The data:
"""
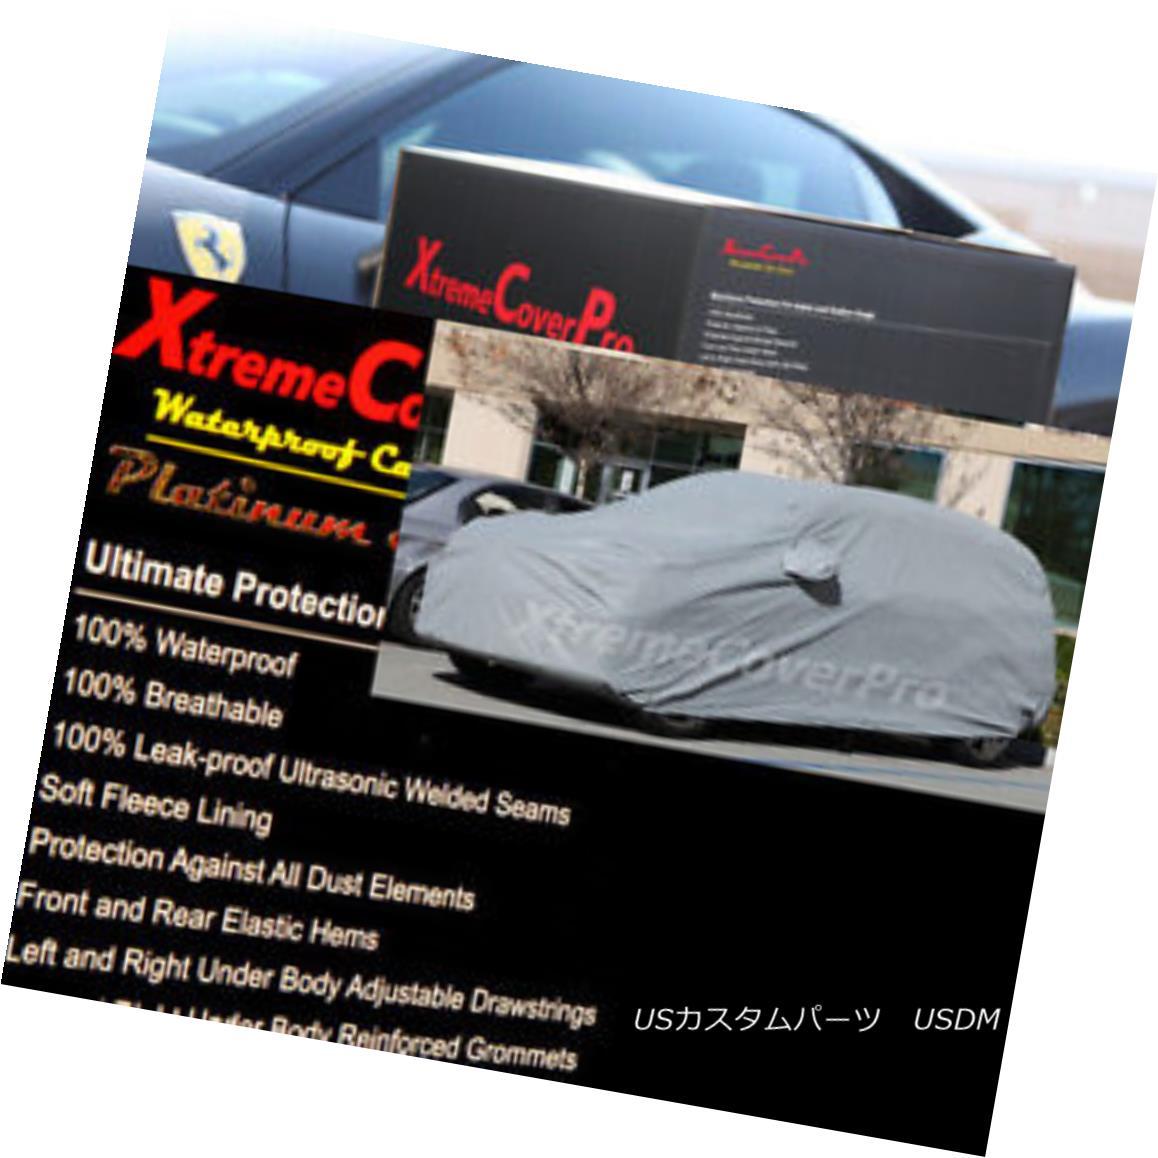 カーカバー 2005 2006 2007 Chrysler Town & Country Waterproof Car Cover w/MirrorPocket 2005年2006年2007年クライスラータウン& MirrorPocket付きカントリー防水カーカバー
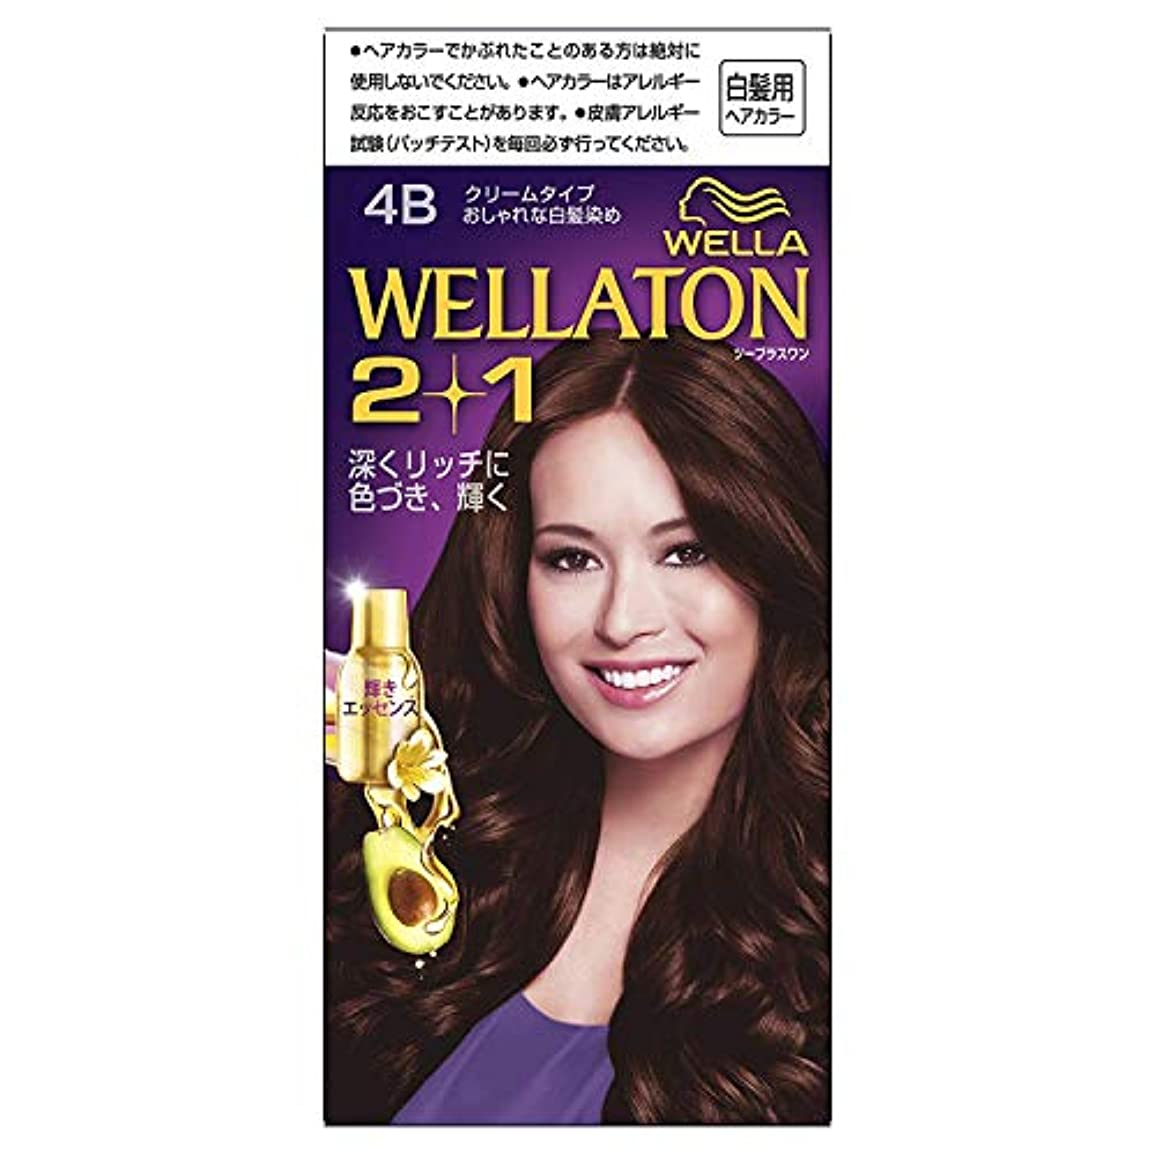 ウエラトーン2+1 クリームタイプ 4B [医薬部外品]×6個
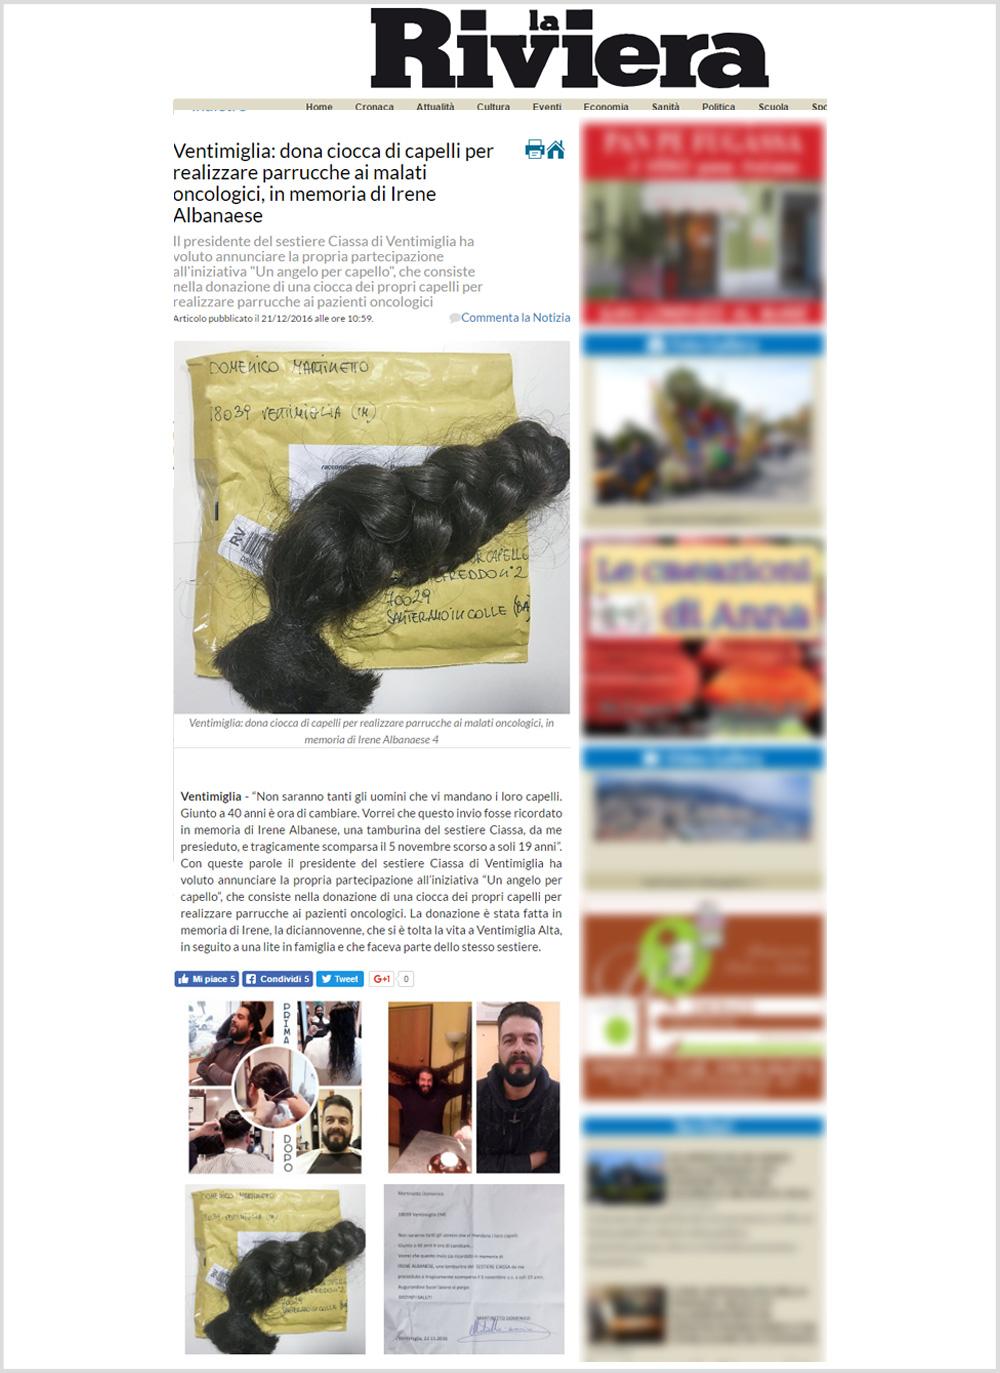 lariviera-articoli
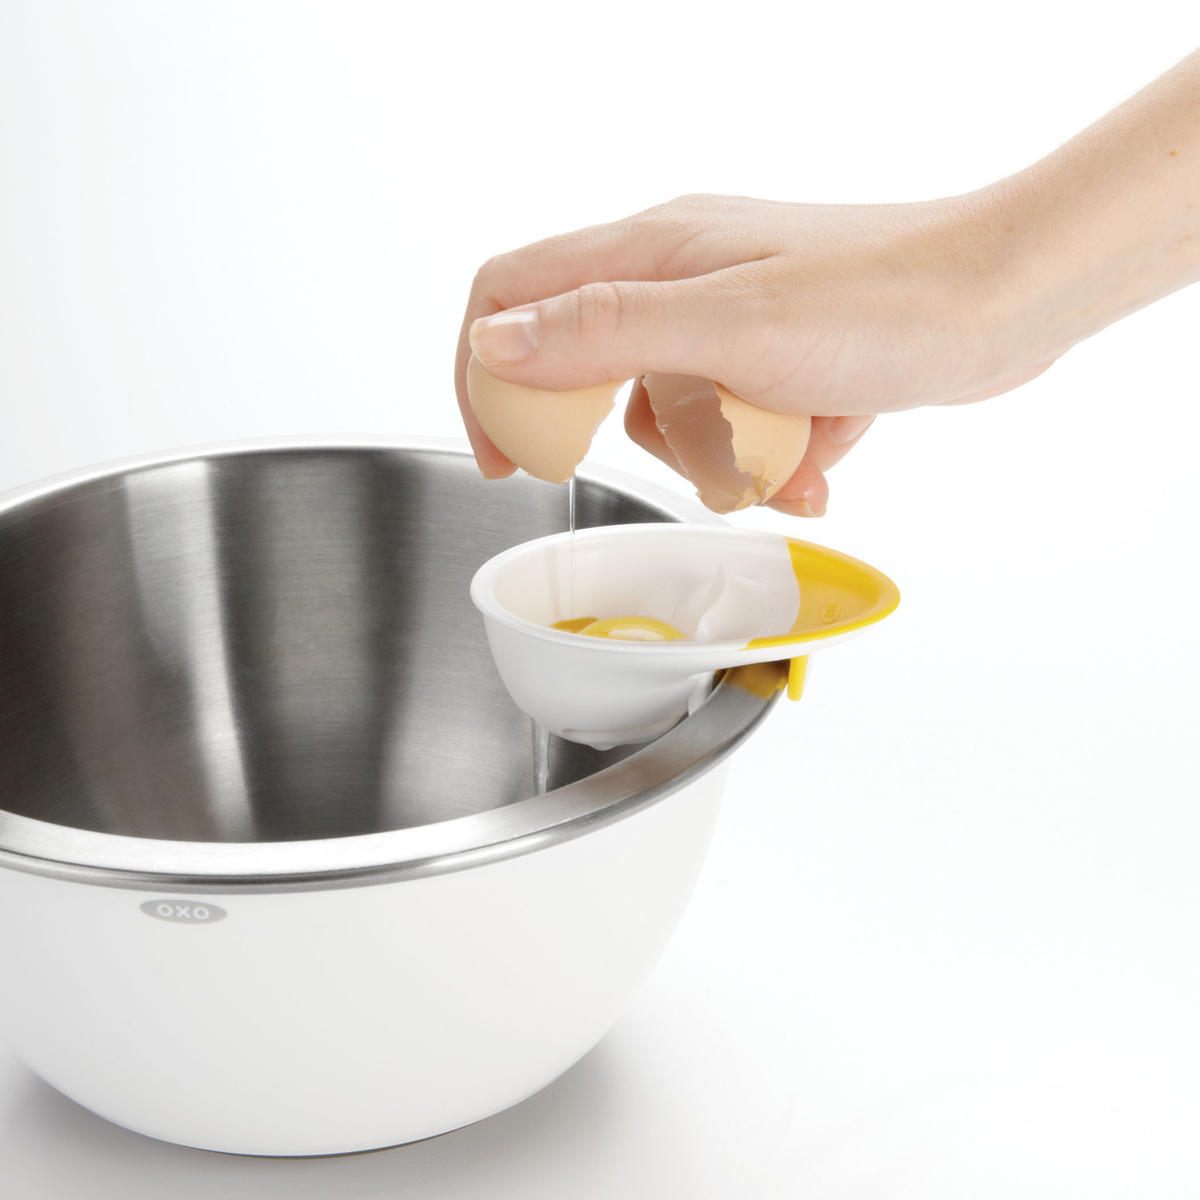 Сепаратор для яиц OXO COOKING UTENSILS, 4х12х22 см, белый OXO 1147780 фото 7
"""
Activity:
The range to set down runs from the line containing "ウエラトーン2+1 クリームタイプ 4B [医薬部外品]×6個" through the final line of the data, both ends included; give it exactly and drop the pictures.

Result:
 ウエラトーン2+1 クリームタイプ 4B [医薬部外品]×6個
 lariviera-articoli
 Сепаратор для яиц OXO COOKING UTENSILS, 4х12х22 см, белый OXO 1147780 фото 7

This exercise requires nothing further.